Slickrock – A Sticky Situation

By Grant Perdue


Flowing sandstone – it mirrors waveforms in its unique pattern of uplift. A wild saturated red, orange. The expanse seems endless – almost imaginary, the way the rocks bend and flow miles-bound. Towering walls of vibrant varnish loom over areas of the trail – the wind etches carvings into seemingly impermeable layers. Whooom! Dust kicks up in the sky, filling the air with a strong haze as bike tires buzz into the faint distance. Yee-haws and hoo’s echo through the barren landscape – they are absolutely ripping!

This area, coined “Slickrock Trail,” resides in Moab’s Sand Flats Recreation Area, and has captured the utmost attention of mountain bikers and outdoor recreationists alike. If you’ve ridden the trail, you already know why. “I have always loved trails that were more about flow than purely technical features – and these trails, I think, are an incredible balance between the two,” said Wilson Rawlings, an avid mountain biker and student at CU Boulder. If you haven’t ridden there, check out this video and start daydreaming.

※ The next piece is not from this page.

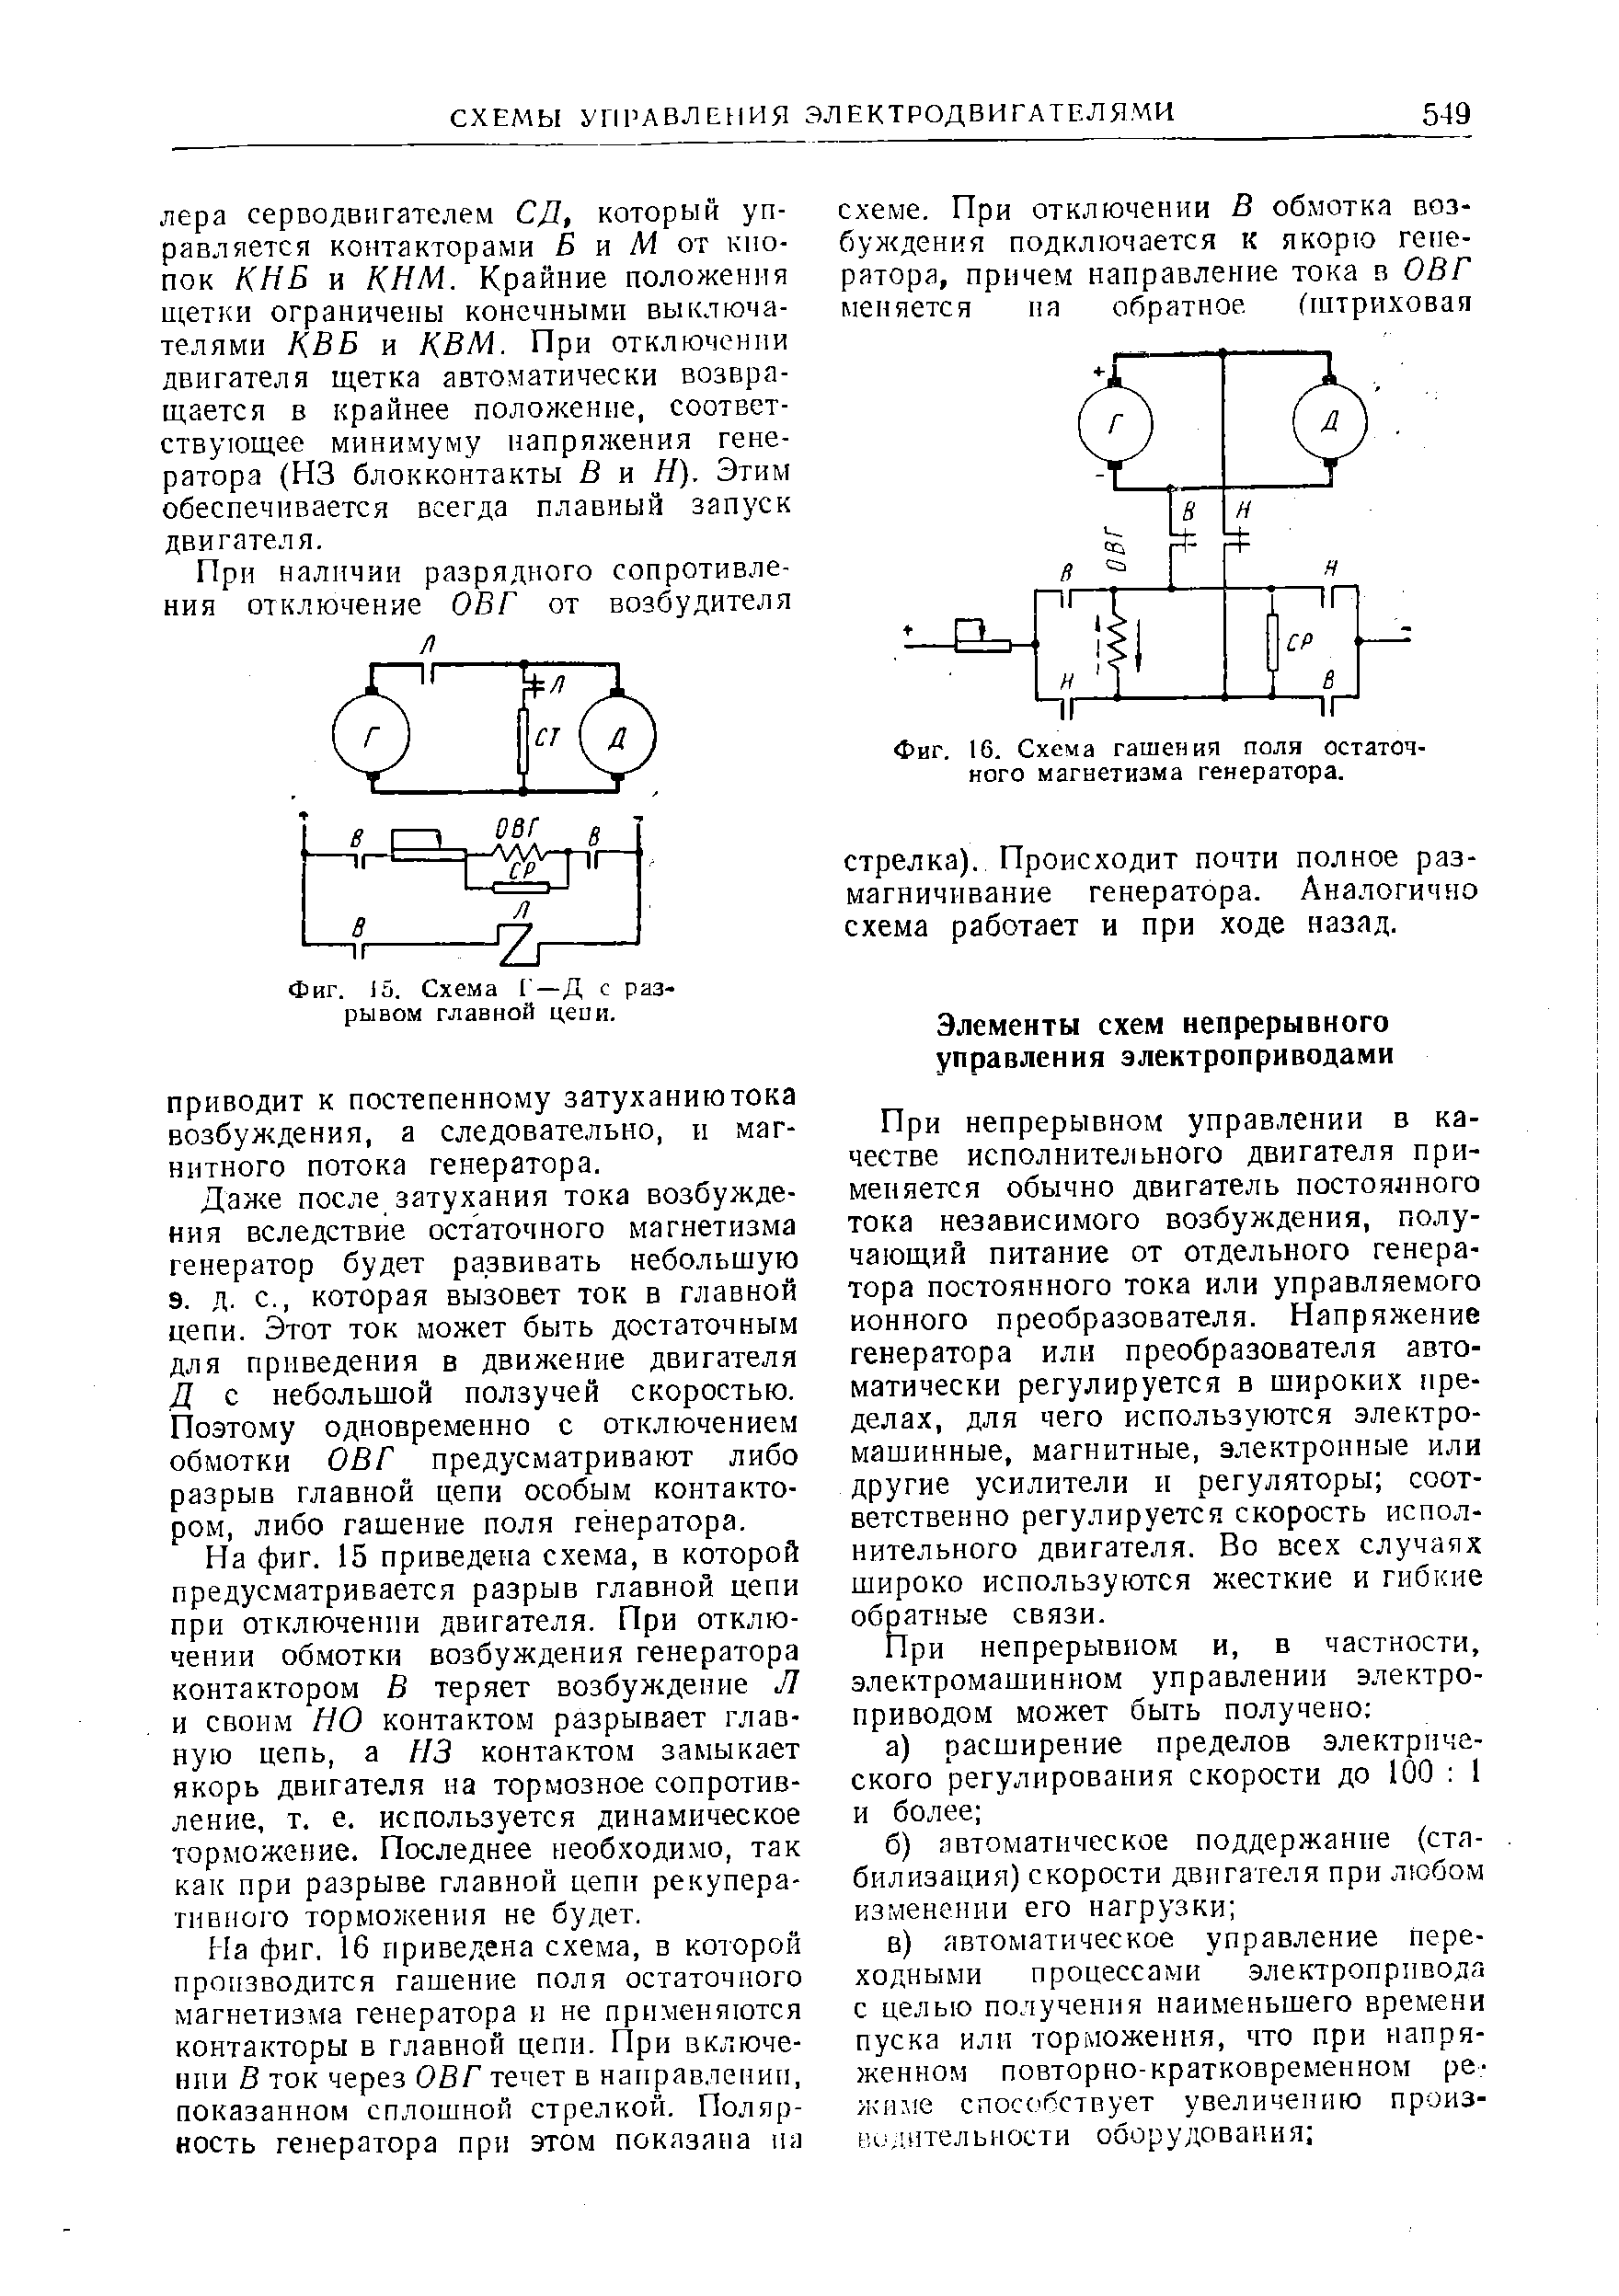 Фиг. 16, Схема гашения поля <a href="/info/205337">остаточного магнетизма</a> генератора.

However, in February, the area caught the gaze of the oil and gas industry who sought after its potentially rich underground. Sweet, sweet fossil fuel.  Portions of Sand Flats, technically owned by the Bureau of Land Management (read: your public lands), were anonymously placed on the leasing docket for extractive purposes. After immense public outreach on local and national levels, the BLM removed the land parcels containing Slickrock trail from the list. It turned out to be an epic example of the power of public voice––heck yeah, that’s what we’re talkin’ about! However, many BLM lands experience the same process with more turmoil. It’s a sticky situation.

BLM – What’s the Deal?

For starters, BLM land is public land––however, it sits under a multiple-use mandate, and those uses can include everything from recreation, to grazing, to extraction. “The underlying mission of the BLM is sustaining the future yield of all of these multiple uses,” said ICF Environmental Planner Meghan Henegan. So, how does a BLM land parcel get on the docket for potential leasing?


  1. 1. An open auction is held to lease BLM land for one of the multiple-uses. For example, an auction is held for oil and gas drilling-related leases. Here’s the schedule if you want to keep up with the action.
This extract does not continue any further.